Gradiente

Se denomina gradiente a la variación de intensidad de un fenómeno por unidad de distancia entre un lugar y un centro (o un eje) dado. Así, por ejemplo, pueden mencionarse los gradientes de densidad que se constituyen alrededor del centro de una ciudad, gradientes de población, de equipamientos, de comercios, de servicios, gradientes de costos financieros, etc., gradientes de población que aparecen a un lado y otro de ciertas vías de circulación, o incluso, a partir de un litoral, etc. Los gradientes geográficos son la expresión de la pertenencia de los lugares a campos de fuerza que se extienden en diferentes escalas geográficas.

Esta forma particular de distribución espacial remite a las propiedades relativas a la situación geográfica de los lugares, y al papel determinante, para estos últimos, de la distancia a un lugar particular y destacado por su fuerza de atracción (o de repulsión), por su capacidad de polarizar y de difundir en su vecindad. El gradiente implica una imagen del papel que desempeña la distancia en el conjunto de las interacciones espaciales y, más allá, de sus efectos sobre las características de los lugares que dependen de estas interacciones. Al disminuir los intercambios y las influencias entre dos lugares con la distancia, las reparticiones de un gran número de objetos se ordenan en el espacio geográfico en forma de gradientes constituidos alrededor de un centro, o incluso a un lado y otro de un eje.

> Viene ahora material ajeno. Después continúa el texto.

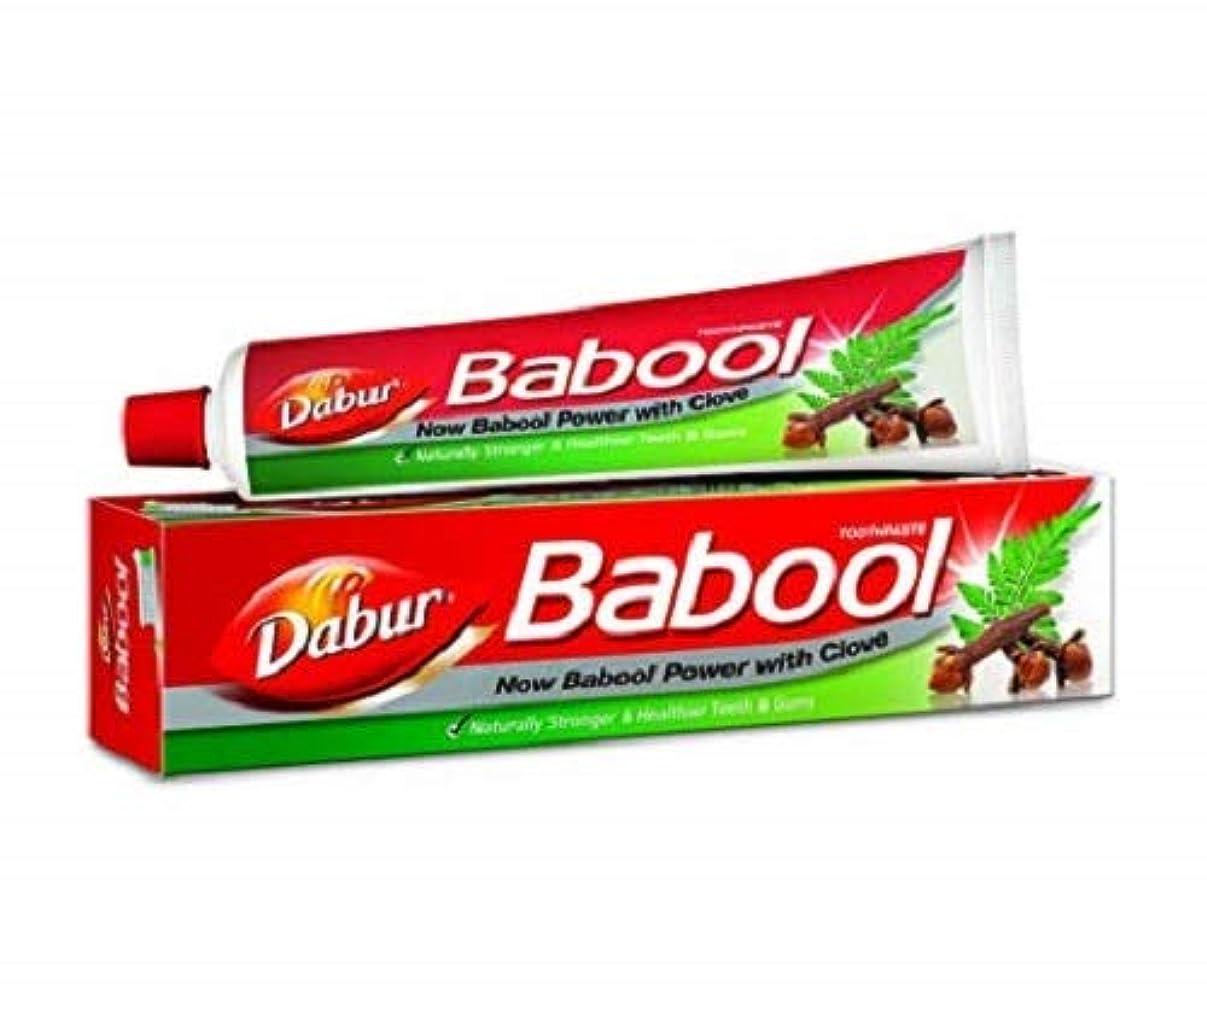 意識的一見暴力的なBabool Toothpaste 190g toothpaste by Dabur

A causa de la importancia de tales gradientes en todas las escalas geográficas, se ha intentado definir la forma de numerosas modelizaciones. La marcha consiste en definir una repartición espacial como una función de la distancia que separa a los lugares de implantación de los objetos observados del centro o el eje cuya fuerza estructurante se manifiesta en la repartición considerada. La elección de la función de interacción debe tomar en consideración las especificidades espaciales del fenómeno al cual corresponde la distribución espacial. Para formalizar esta disminución de la interacción con la distancia, se han analizado diferentes funciones. En cuanto a las funciones espaciales, es necesario remitirse a interacción espacial.

A la existencia de un gradiente en el espacio geográfico se asocia siempre la idea de diferencia espacial y de discontinuidad. Los gradientes son una forma organizada de la heterogeneidad del espacio geográfico.